Announcing Virtual KITTI 2 - Naver Labs Europe
loader image

New release of the popular synthetic image dataset for training and testing.

Virtual KITTI [1] was one of the first datasets to explore how synthetic data could be used to train and test machine learning models. The idea, which came from a researcher in our computer vision team who liked to play video games, was that, if it were possible to create synthetic data that was good enough, it could help fill the need for the large amounts of diverse, fully annotated data that these models need. To create the data, the researchers carefully recreated real-world videos from the popular KITTI tracking benchmark [3] using the Unity game engine. They called it Virtual KITTI.

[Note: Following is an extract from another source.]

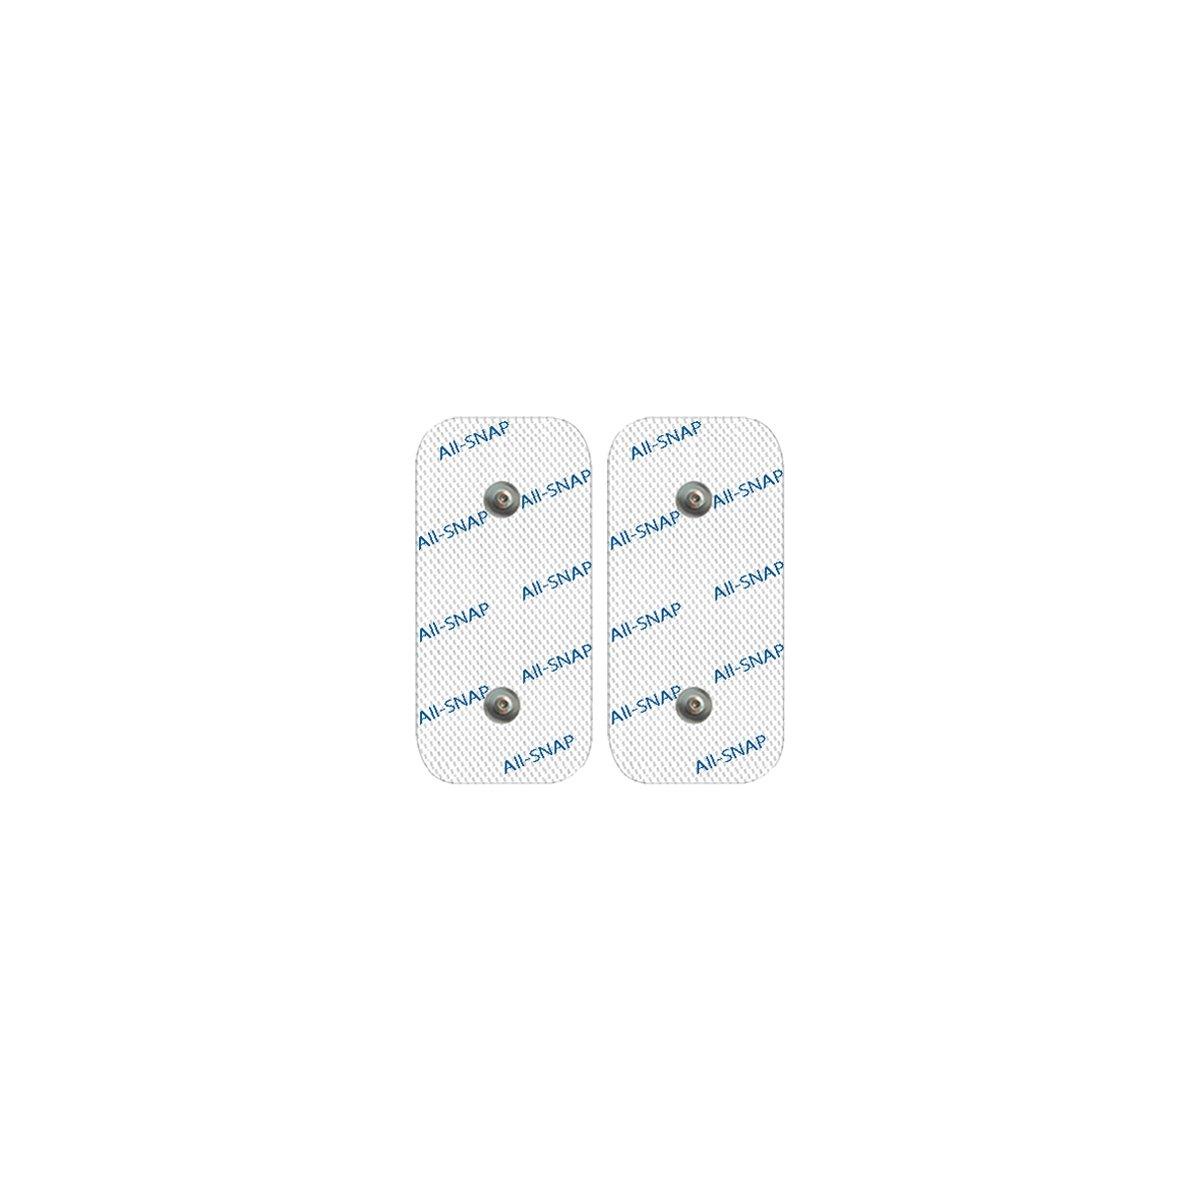 All-SNAP 2 Électrodes Snap, Garanti 100% Compatibles COMPEX - Haute Performance et Longue Durée de Vie (2 électrodes de 50x100mm Dual-Snap) - Economisez jusqu'à 60% par Rapport à l'original !

Since the introduction of Virtual KITTI in 2016, other synthetic datasets have appeared and, together, they’ve successfully demonstrated that while synthetic datasets cannot completely replace real-world data, they’re a cost-effective alternative with pretty good transferability.  Not only are they useful in evaluating preliminary prototypes but, in combination with real-world datasets, they can sometimes improve performance [1,2].

Fast forward to 2020 where, with the need for machine learning data being even greater, we’re happy to release a new version of the dataset called Virtual KITTI 2.

What’s new in Virtual KITTI 2.0

Virtual KITTI 2.0 is a more photo-realistic version of the original dataset with better features. It exploits recent improvements in lighting and post-processing of the game engine [4] with Unity 2018.4 LTS to bridge the gap between Virtual KITTI and the real KITTI images (see figure above).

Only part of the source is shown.